В таком положении стояли дела, когда двор, в начале ноября 1797 года, вернулся в Петербург.
Вскоре, как мы знаем, состоялся торжественный въезд в столицу чрезвычайного посольства великого магистра ордена мальтийских рыцарей.
Это посольство развлекло государя и дела вошли почти в свою обычную колею.
Император, кроме того, в это же время был занят грандиозной постройкой замка, которая и доныне служит памятником его царствования.
Замок этот — Михайловский.
Еще в 1796 году император приказал построить его на месте, где находился Летний дворец императрицы Елизаветы, «в третьем саду». Дворец этот сохранялся только как последний памятник Елизаветинской эпохи. Все, основанные этой государыней дворцы, в царствование Екатерины обращены в богоугодные и другие заведения.

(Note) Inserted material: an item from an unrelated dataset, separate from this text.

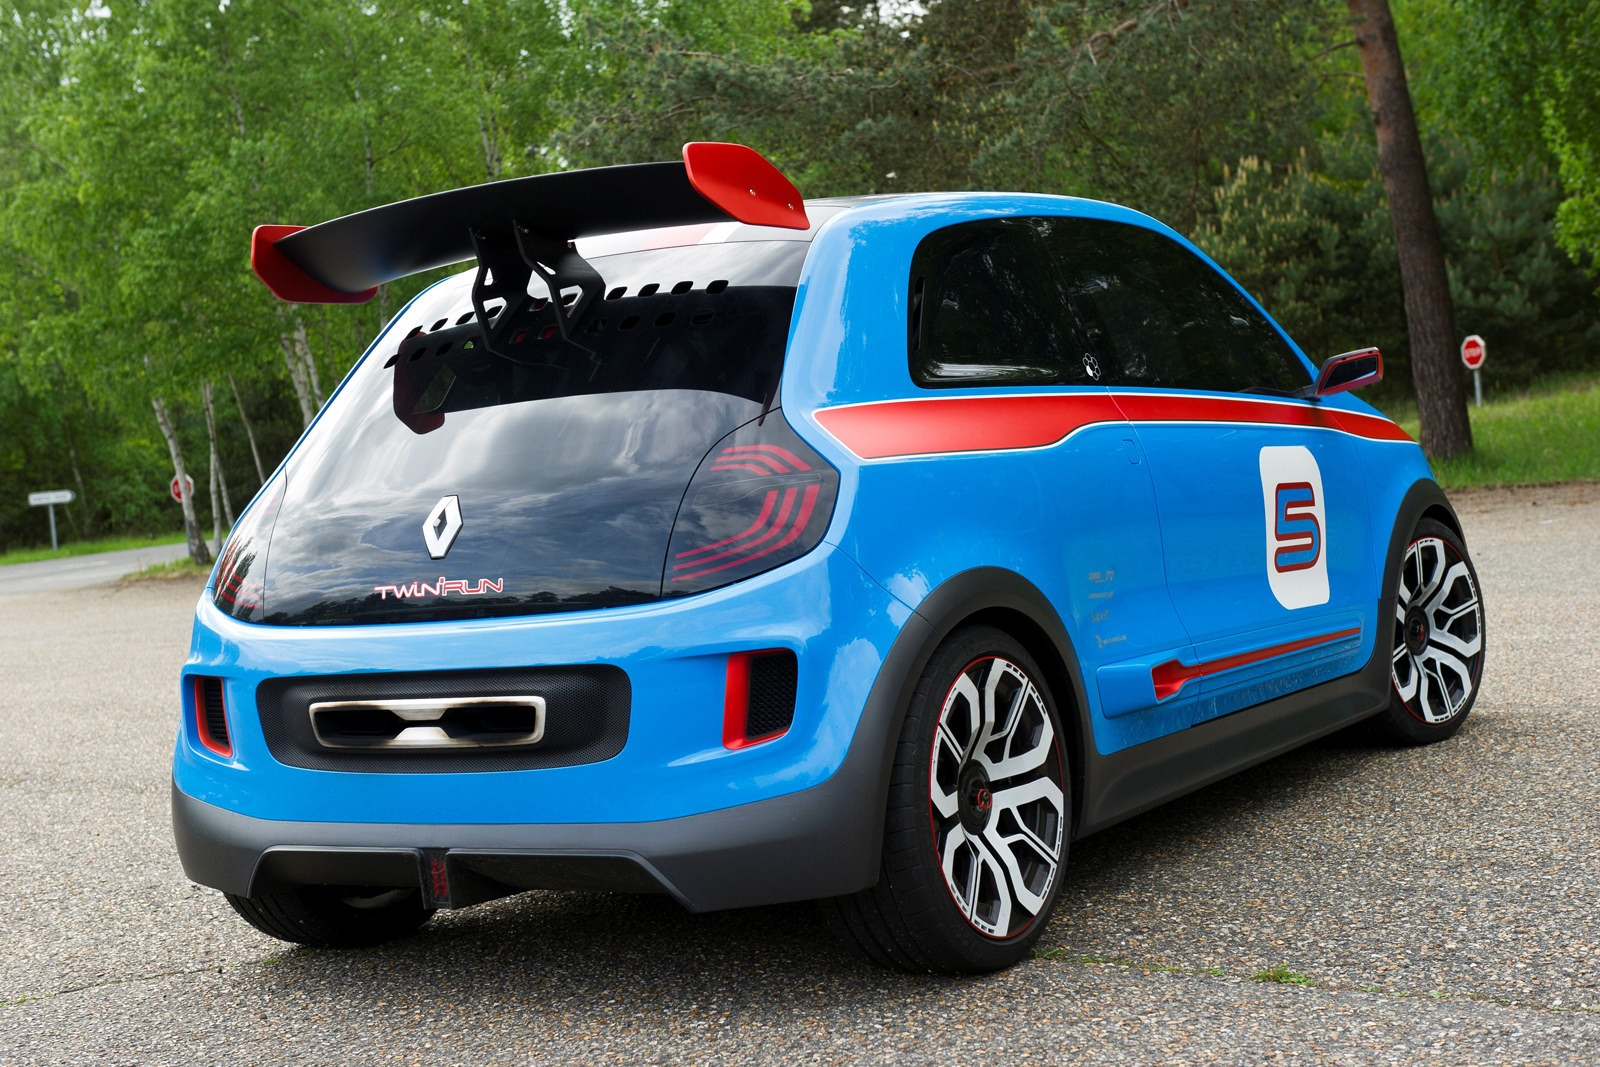 Renault-TwinRun-Concept-47[2]

С постройкою Михайловского замка, по повелению государя, спешили.
Эмигранты и иезуиты, особенно последние, имевшие во главе такого близкого ко двору человека, как патер Грубер, зорко следили за всем там совершавшимся.
Ни одна мелочь не ускользала от их внимания.
Ранее, чем многие, даже из придворных, узнали они об ожидаемом уже несколько времени удалении от двора фрейлины Нелидовой, ее письмах к государю, отъезде и о возвышении фрейлины Похвисневой.
Иезуитский муравейник всполошился.
Все гласные и негласные члены общества Иисуса, пустившего глубокие корни в северной столице, хорошо знали о впечатлении, произведенном старшею дочерью генерала Похвиснева на любимца государя Ивана Павловича Кутайсова.
Выдвинутая в качестве кандидатки в фаворитки государя, на место добровольно удалившейся в изгнание Нелидовой, она становилась уже опасною для их видов.
Надо заметить, что эмигранты и иезуиты имели в лице Генриетты Шевалье громадную силу, влиявшую на влюбленного покровителя французской актрисы Кутайсова в смысле, благоприятном для католических целей.
Духовник Генриетты, патер Билли, был одним из усерднейших поборников иезуитского ордена, преданным другом Грубера.
Понятно, в каком направлении действовал он на свою духовную дочь.
Вскоре до этого муравейника дошло известие о неудаче в замене Нелидовой Похвисневой, но это далеко не успокоило иезуитов.
Зинаида Владимировна осталась при дворе, то есть имела возможность каждый день видеть графа Ивана Павловича и, наконец, очаровать его до такой степени, что он решится покинуть Генриетту Шевалье.
Схизматичка заменит католичку во влиянии на нужного и властного человека.
Этого невозможно было допустить, особенно как раз в то время, когда русский император готов был завязать такие дружеские, отношения к католическому ордену мальтийских рыцарей.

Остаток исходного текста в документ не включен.